The only other condition is that $$$\frac{S}{n-1}$$$ is at least as large as all elements, otherwise since we can't take blocks away that pile would be larger.

Thus, if the maximum element in the sequence is $$$M$$$ the answer is just the largest of $$$M(n-1)-S$$$ and $$$(-S) \pmod{n-1}$$$

The idea is that if we can use the minimum value of the array to make every other value equal to each other ,then we can do the same for every other $$$i$$$. Let $$$mn$$$ be the minimum value in the array and $$$mx$$$ be the maximum. Then we need to calculate the sum of differences between $$$mx$$$ and every other value different from $$$mn$$$, we can call this value $$$s$$$. If $$$s>=mn$$$ then the required number of blocks will be exactly $$$s-mn$$$. Otherwise, we need to verify that $$$mn-s$$$ is divisible by $$$n-1$$$. If $$$(mn-s) mod (n-1) = 0$$$ then the answer is $$$0$$$, otherwise it will be $$$n-1$$$ minus the remainder.
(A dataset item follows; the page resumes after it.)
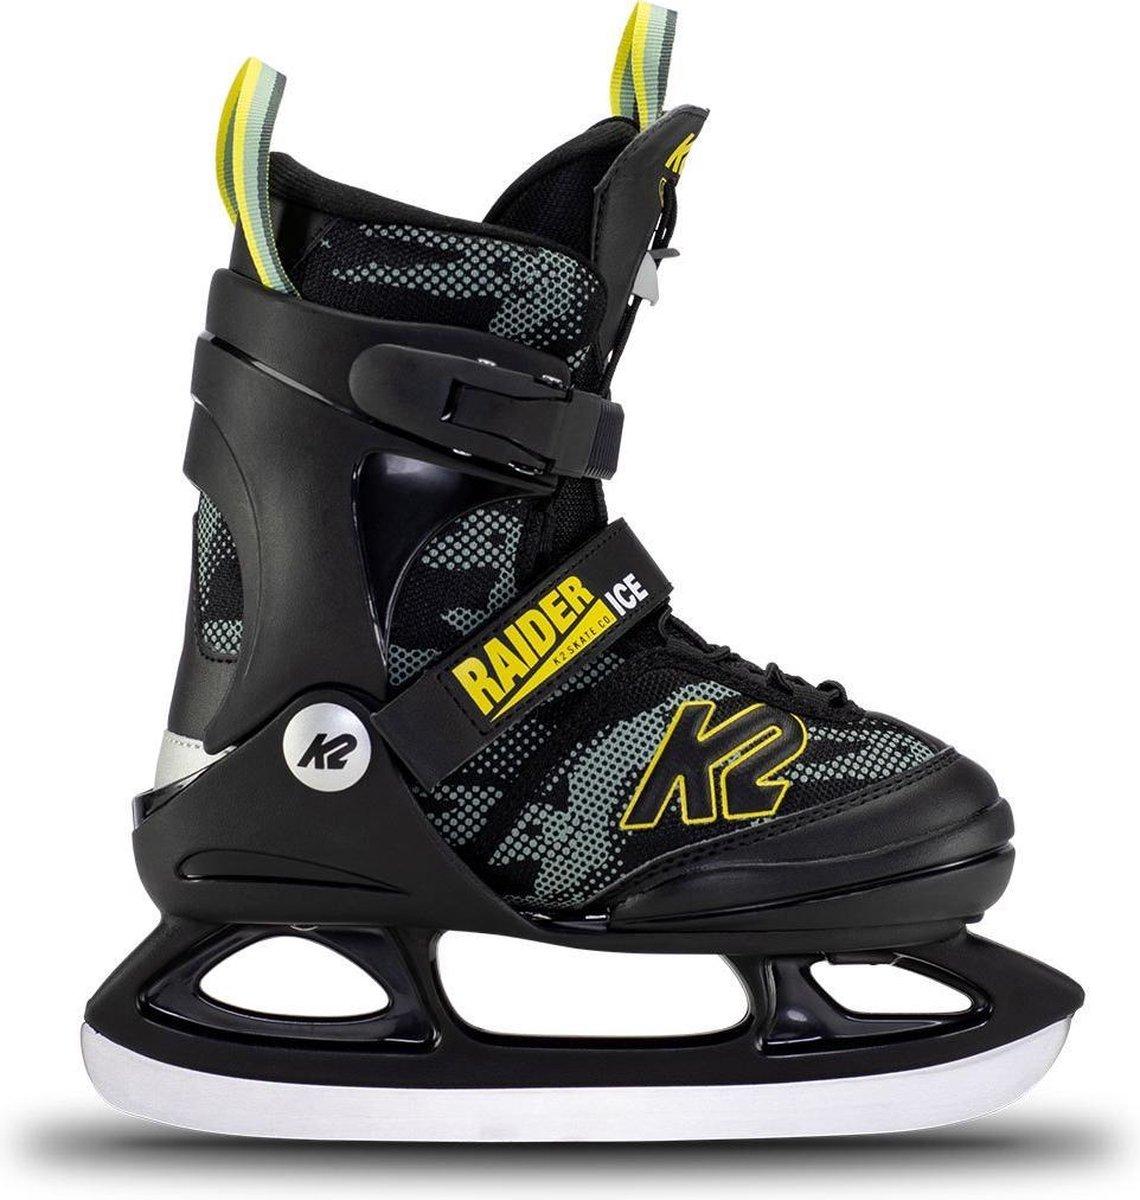 K2 Raider Ice Boy's

Just make the sure you can satisfy all the conditions if you pick the box with the smallest number of balls. Because that box is the one with the maximum constraints. Then the other boxes will automatically satisfy the conditions because they will have lesser constraints than the smallest box. To satisfy the smallest box, calculate how much extra balls you require to make every box other than the selected box have the same number of balls i.e. the max.no. of balls in a box.
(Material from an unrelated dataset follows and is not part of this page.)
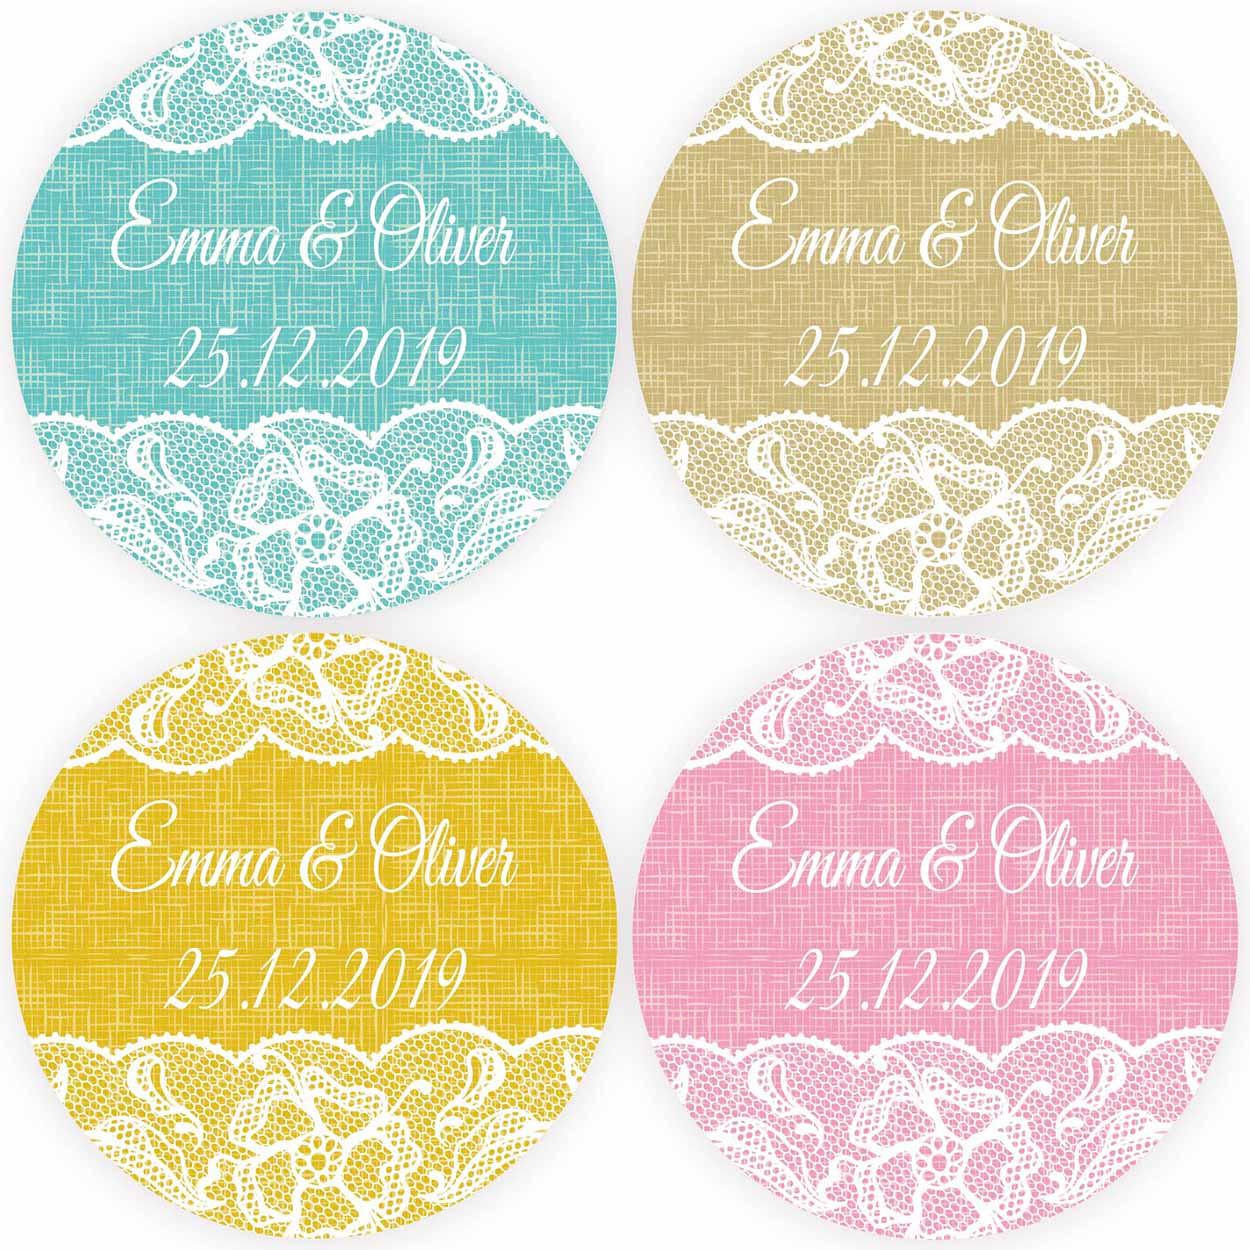 DouxArt, 100 piezas, pegatinas personalizadas de favores de la boda, 4 CM, Fiesta de matrimonio, sellos de bautismo de comunión, etiquetas, agregar nombres y fechas

If the req no. of balls is less than the balls you have, just make sure that the extra balls are divisible by (n-1)

#include <bits/stdc++.h>


#define vi vector<int>
#define tests int t; cin>>t; while(t--)
#define ll long long
#define vll vector<long long>
#define srt(v) sort(v.begin(), v.end())
#define srtg(v) sort(v.begin(), v.end(), greater<int> ())
#define FOR(k, n) for(int k=0; k<n; k++)
#define pb push_back
#define yes cout<<"YES"<<endl
#define no cout<<"NO"<<endl
#define printarr(v) for(auto& x : v) cout<<x<<" "; cout<<endl
#define ree cout<<"******************************************"<<endl
#define int long long

using namespace std;


char nums[10] = { '0','1','2','3','4','5','6','7','8','9' };
char alphsl[26] = { 'A','B','C','D','E','F','G','H','I','J','K','L','M','N','O','P','Q','R','S','T','U','V','W','X','Y','Z' };
const int MOD = 1000000007;
char alphs[26] = { 'a','b','c','d','e','f','g','h','i','j','k','l','m','n','o','p','q','r','s','t','u','v','w','x','y','z' };



void solve() {
    
   int n;
   cin>>n;
   
   vector<int> v(n);
   for(auto& x : v) cin>>x;
   
   srt(v);
   
   int maxy=v[n-1];
   int req=0;
   for(int i=1; i<n; i++) req+=maxy-v[i];
   
   if(v[0]<=req){
       cout<<req-v[0]<<endl;
   }
   else {
       int temp=v[0]-req;
       temp%=n-1;
       if(temp==0){
           cout<<0<<endl;
       }
       else {
           cout<<n-1-temp<<endl;
       }
   }
   
   
}


signed main() {

    ios_base::sync_with_stdio(false);
    cin.tie(0);
    
   
    
        tests
        solve();


    return 0;
}

how ?

why do you comment about this before finishing open hacking period....

some guys might hack your code ... hope you for surviving..

Actually, instead of ST, you can use scanline. 100792298

We have written some $$$O(n^2 \log n)$$$ solutions for E, and they pass. Unfortunately, several participants even squeezed $$$O(n^3)$$$ with a lot of optimizations, so perhaps we should've left the constraints as $$$n \le 5000$$$. What is your solution?

Just some pragmas nothing else: code

I really hope somebody finds a hack to these solutions cause its really annonying T_T

I don't think hacking in Educational Rounds gives you any extra score.

You don't gain anything for hacking in an educational contest.